GIVEN DATA:
^^^^
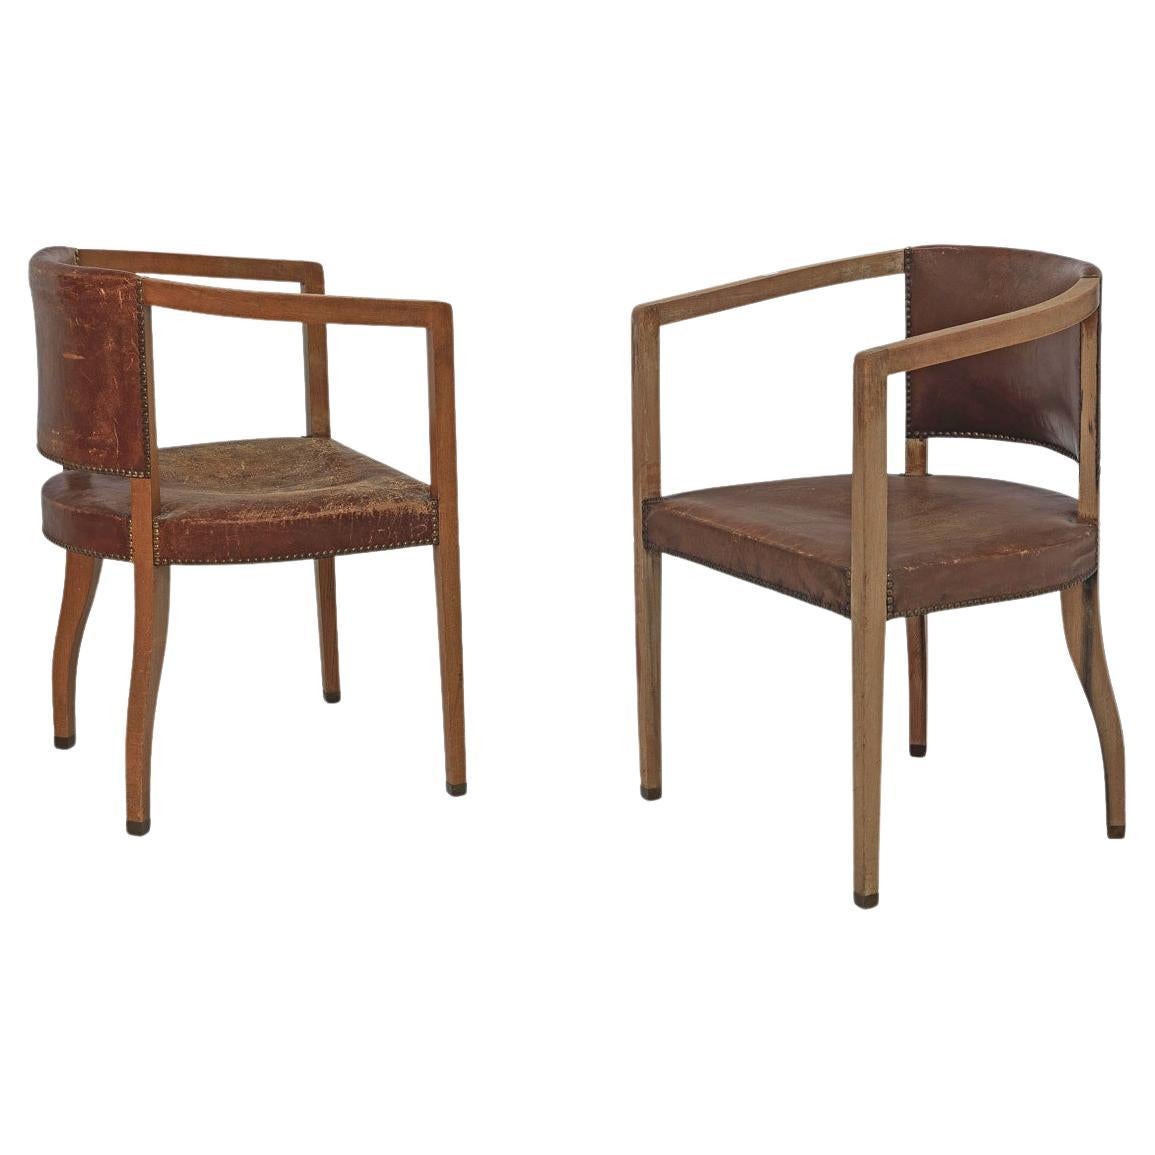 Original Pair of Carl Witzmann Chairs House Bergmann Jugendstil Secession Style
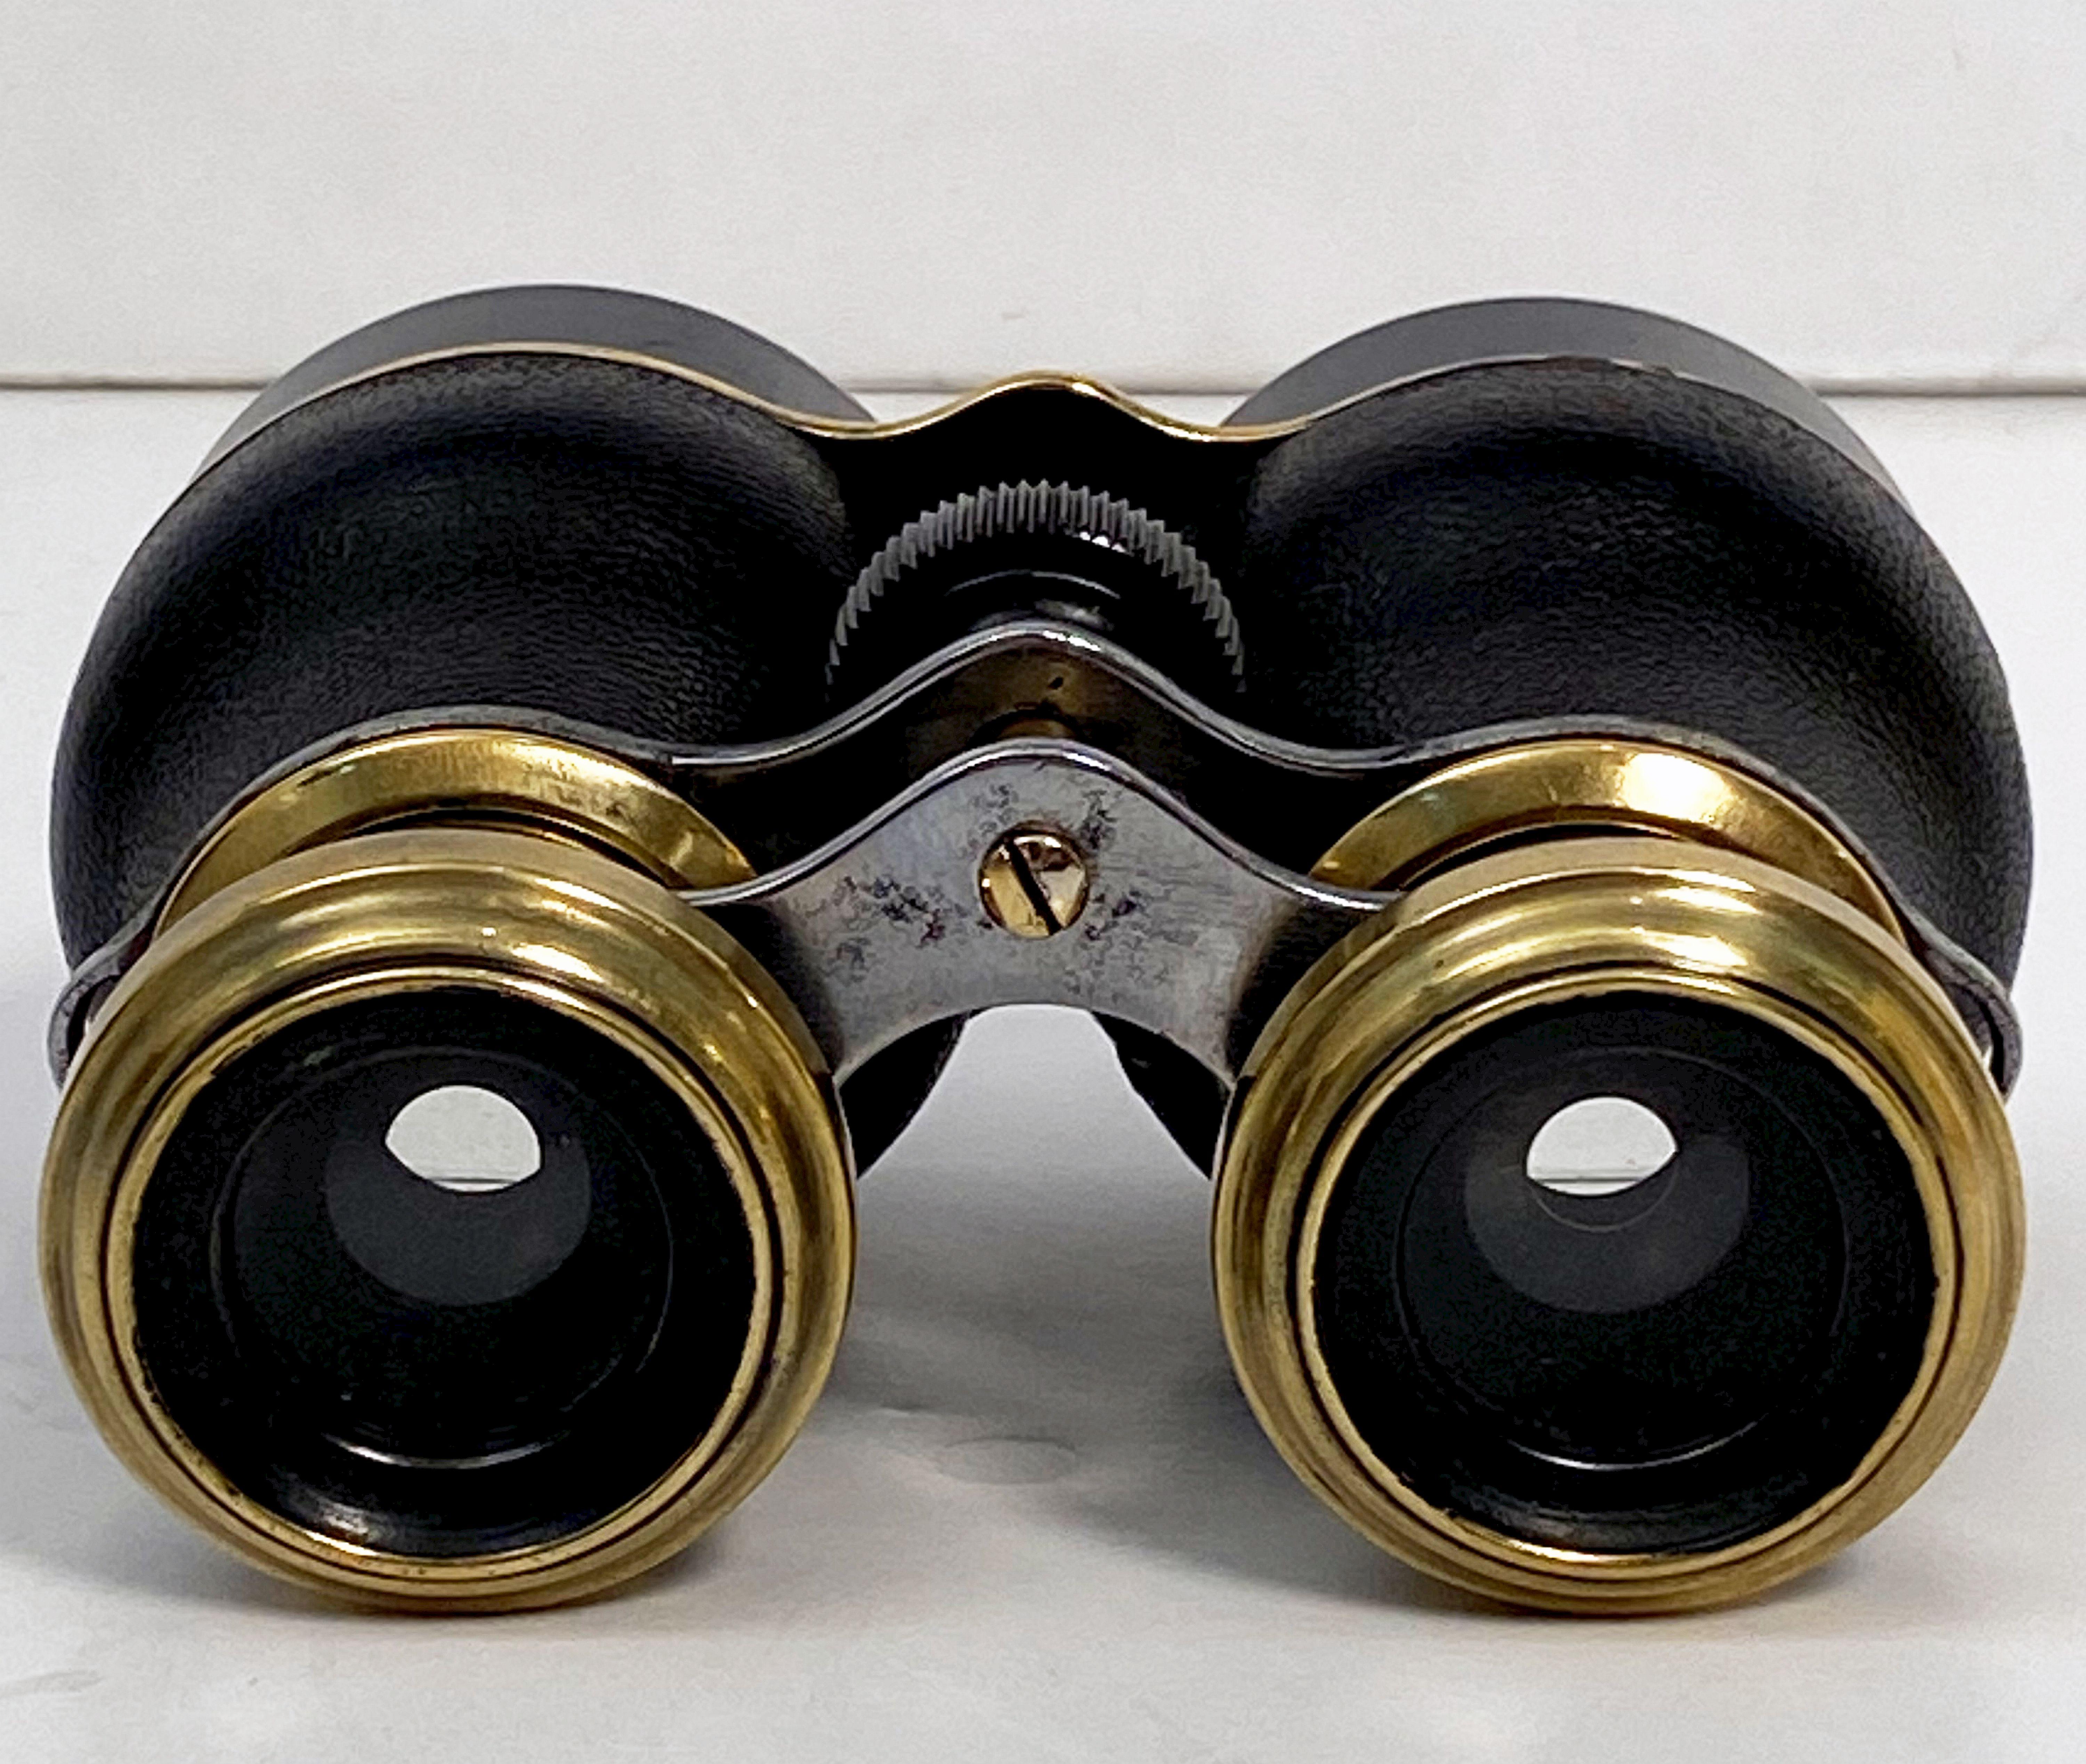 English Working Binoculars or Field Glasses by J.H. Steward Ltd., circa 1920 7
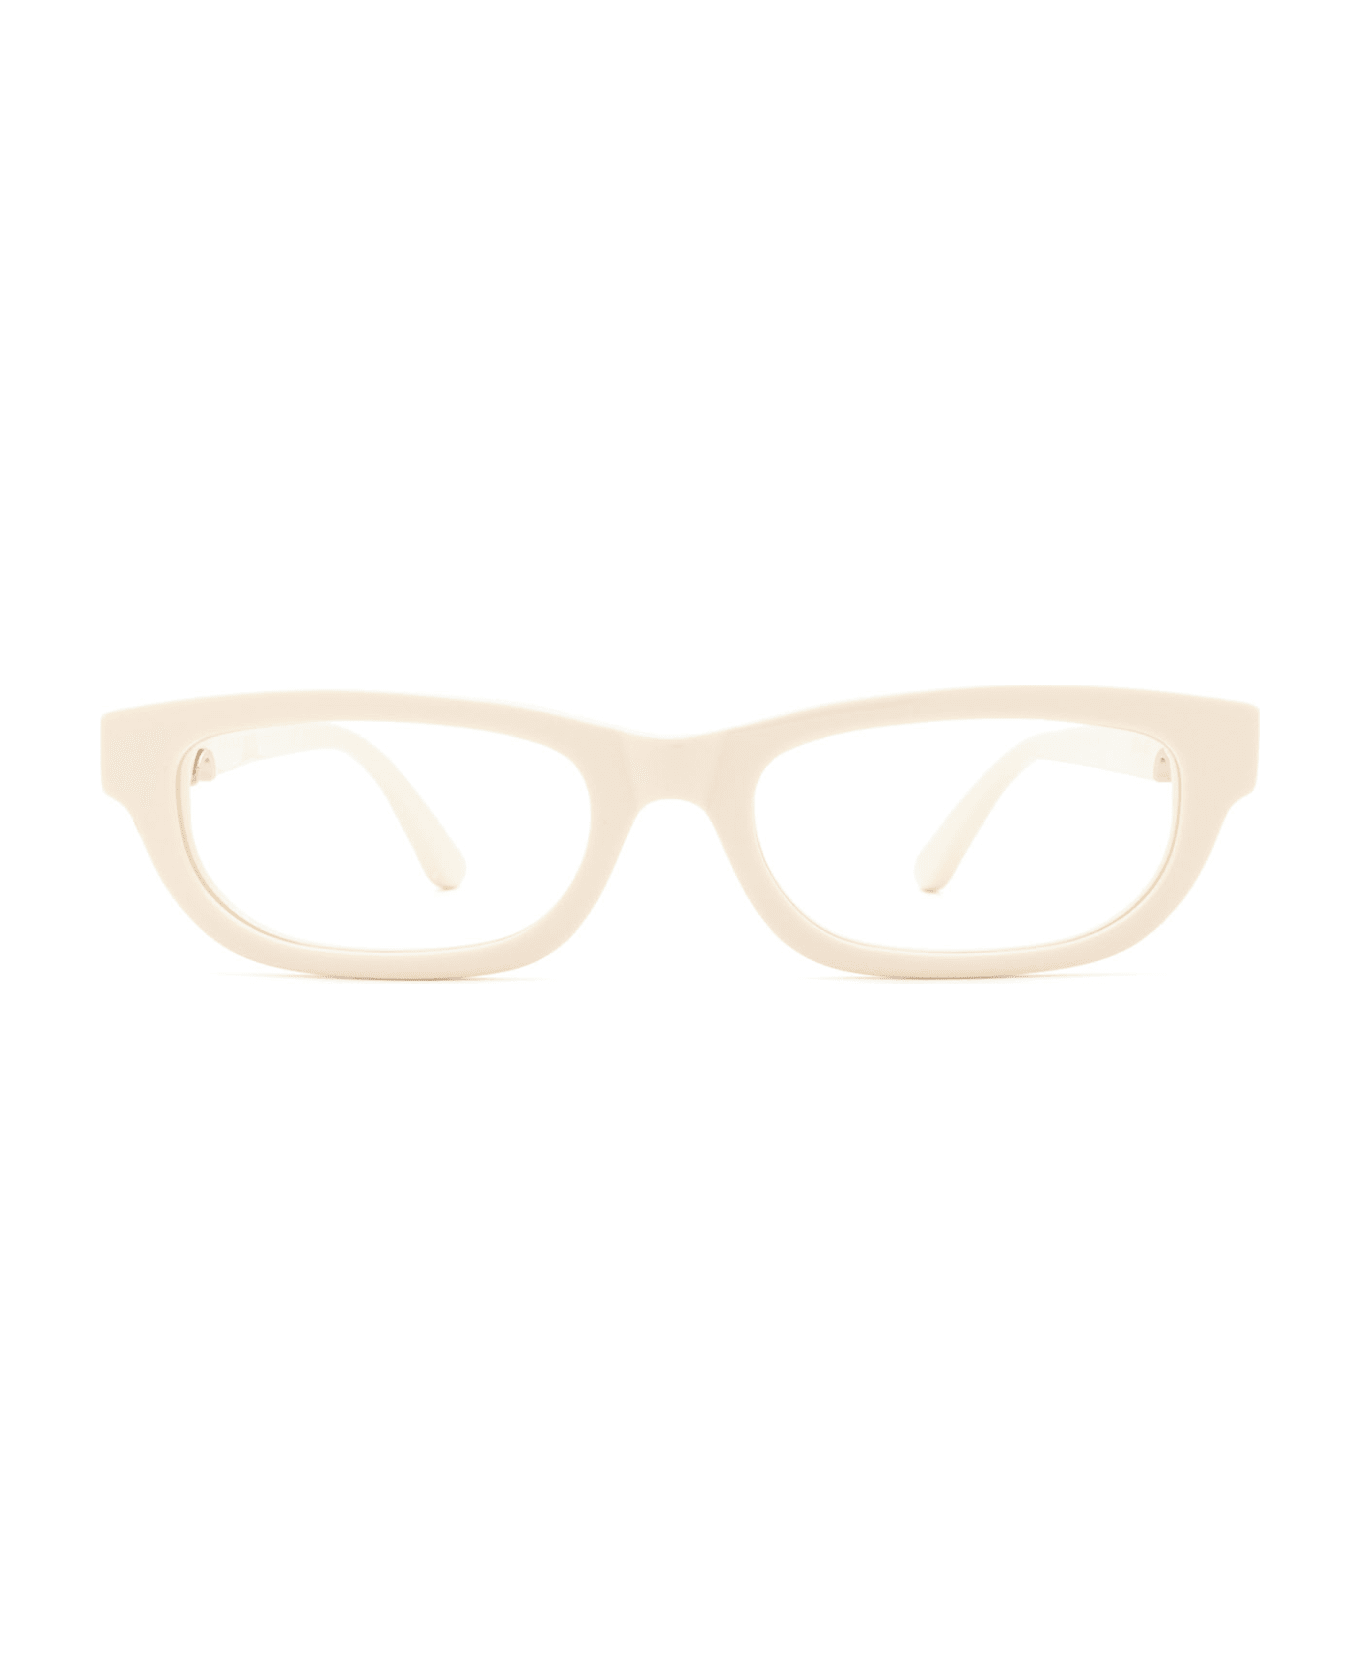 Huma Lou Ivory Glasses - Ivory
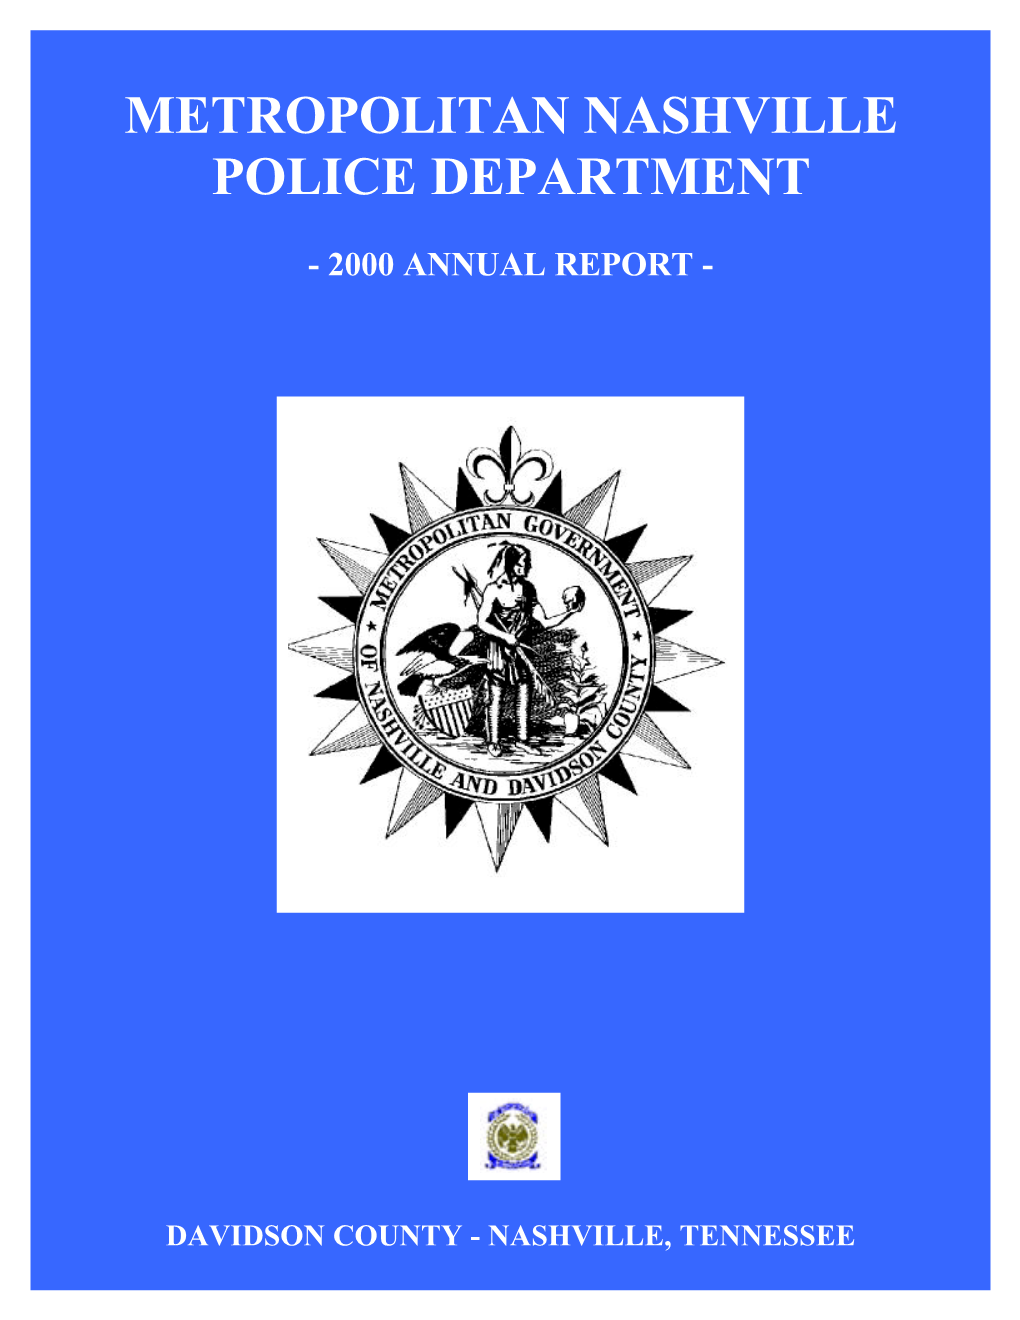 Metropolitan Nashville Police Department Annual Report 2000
^^^^
TASK:
Leaving out all pictures, transcribe the listing exactly.

ANSWER SECTION:
 Original Pair of Carl Witzmann Chairs House Bergmann Jugendstil Secession Style
 English Working Binoculars or Field Glasses by J.H. Steward Ltd., circa 1920 7
 Huma Lou Ivory Glasses - Ivory
 Metropolitan Nashville Police Department Annual Report 2000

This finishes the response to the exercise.